Wang Wuwan, Hu Xiankang, Liao Weitin, Rutahoile W H, Malenka David J, Zeng Xiaofang, Yang Yunjing, Feng Panpan, Wen Li, Huang Wei
1 Department of Cardiology, the First Affiliated Hospital, Chongqing Medical University, Chongqing, China.
2 Chongqing Medical University, Chongqing, China.
Pulm Circ. 2019 Jan-Mar;9(1):2045894018790450. doi: 10.1177/2045894018790450. Epub 2018 Jul 4.
No previous meta-analysis has evaluated the efficacy and safety of pulmonary vasodilators in Fontan physiology. Recent relative trials have obtained conflicting results regarding improvements in peak oxygen consumption; the relatively small number of patients in each study may be a limiting factor. We aimed to evaluate the efficacy and safety of pulmonary vasodilators in Fontan patients. Relevant studies were identified by searching the PubMed, Embase, and Cochrane Library databases. Pooled outcomes were determined to assess the efficacy and safety of pulmonary vasodilators in Fontan patients. Nine randomized controlled studies involving 381 patients with Fontan circulation were included. Pulmonary vasodilator therapy led to significant improvement (mean difference = -0.39, 95% CI: [-0.72, -0.05]) in the New York Heart Association (NYHA) functional class. The 6-minute walking distance (6MWD) was significantly increased by 134 m (95% CI: [86.07, 181.94]), and the peak VO was also significantly improved (mean difference = 1.42 ml·(kg·min), 95% CI: [0.21, 2.63]). Additionally, the mean pulmonary artery pressure (mPAP) was significantly reduced (mean difference = -2.25 mmHg, 95% CI: [-3.00, -1.50]). No significant change was found in mortality or in brain natriuretic peptide (BNP) or N-terminal pronatriuretic peptide (NT-proBNP). Four studies reported no side effects and good drug tolerance, and two studies reported mild adverse effects. The present meta-analysis indicated that pulmonary vasodilators (primarily the PDE-5 inhibitor and endothelin-1 receptor antagonist) significantly improved the hemodynamics of Fontan patients, reduced the NYHA functional class and increased the 6MWD. The peak oxygen consumption was also improved. No significant change was observed in mortality or in the BNP or NT-proBNP level. Overall, the pulmonary vasodilators were well tolerated. This finding needs to be confirmed in future studies.

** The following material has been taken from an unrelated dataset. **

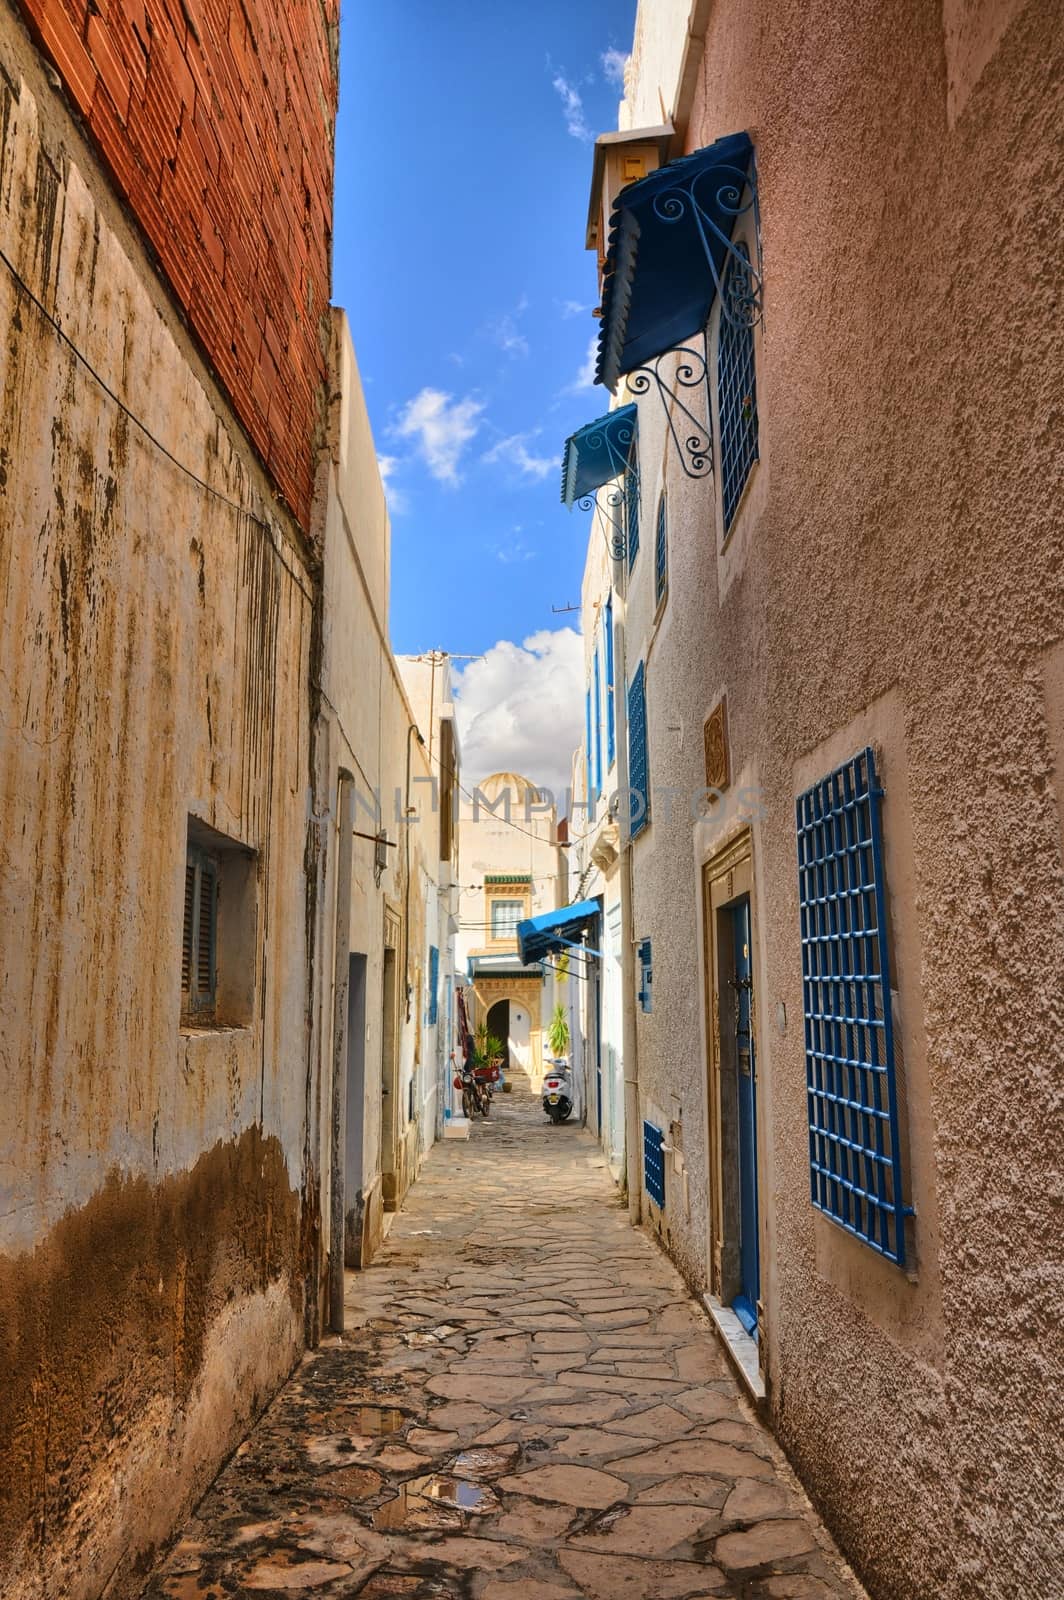 Narrow street of ancient Medina, Hammamet, Tunisia, Mediterranea by Eagle2308

此前尚无荟萃分析评估肺血管扩张剂在Fontan循环生理中的疗效和安全性。近期的相关试验在峰值耗氧量改善方面得出了相互矛盾的结果;每项研究中患者数量相对较少可能是一个限制因素。我们旨在评估肺血管扩张剂在Fontan患者中的疗效和安全性。通过检索PubMed、Embase和Cochrane图书馆数据库确定相关研究。确定汇总结果以评估肺血管扩张剂在Fontan患者中的疗效和安全性。纳入了9项涉及381例Fontan循环患者的随机对照研究。肺血管扩张剂治疗使纽约心脏协会(NYHA)功能分级有显著改善(平均差值=-0.39,95%置信区间:[-0.72,-0.05])。6分钟步行距离(6MWD)显著增加了134米(95%置信区间:[86.07,181.94]),峰值VO也有显著改善(平均差值=1.42毫升·(千克·分钟),95%置信区间:[0.21,2.63])。此外,平均肺动脉压(mPAP)显著降低(平均差值=-2.25毫米汞柱,95%置信区间:[-3.00,-1.50])。在死亡率、脑钠肽(BNP)或N末端前脑钠肽原(NT-proBNP)方面未发现显著变化。4项研究报告无副作用且药物耐受性良好,2项研究报告有轻度不良反应。本荟萃分析表明,肺血管扩张剂(主要是磷酸二酯酶-5抑制剂和内皮素-1受体拮抗剂)显著改善了Fontan患者的血流动力学,降低了NYHA功能分级并增加了6MWD。峰值耗氧量也有所改善。在死亡率或BNP及NT-proBNP水平方面未观察到显著变化。总体而言,肺血管扩张剂耐受性良好。这一发现需要在未来研究中得到证实。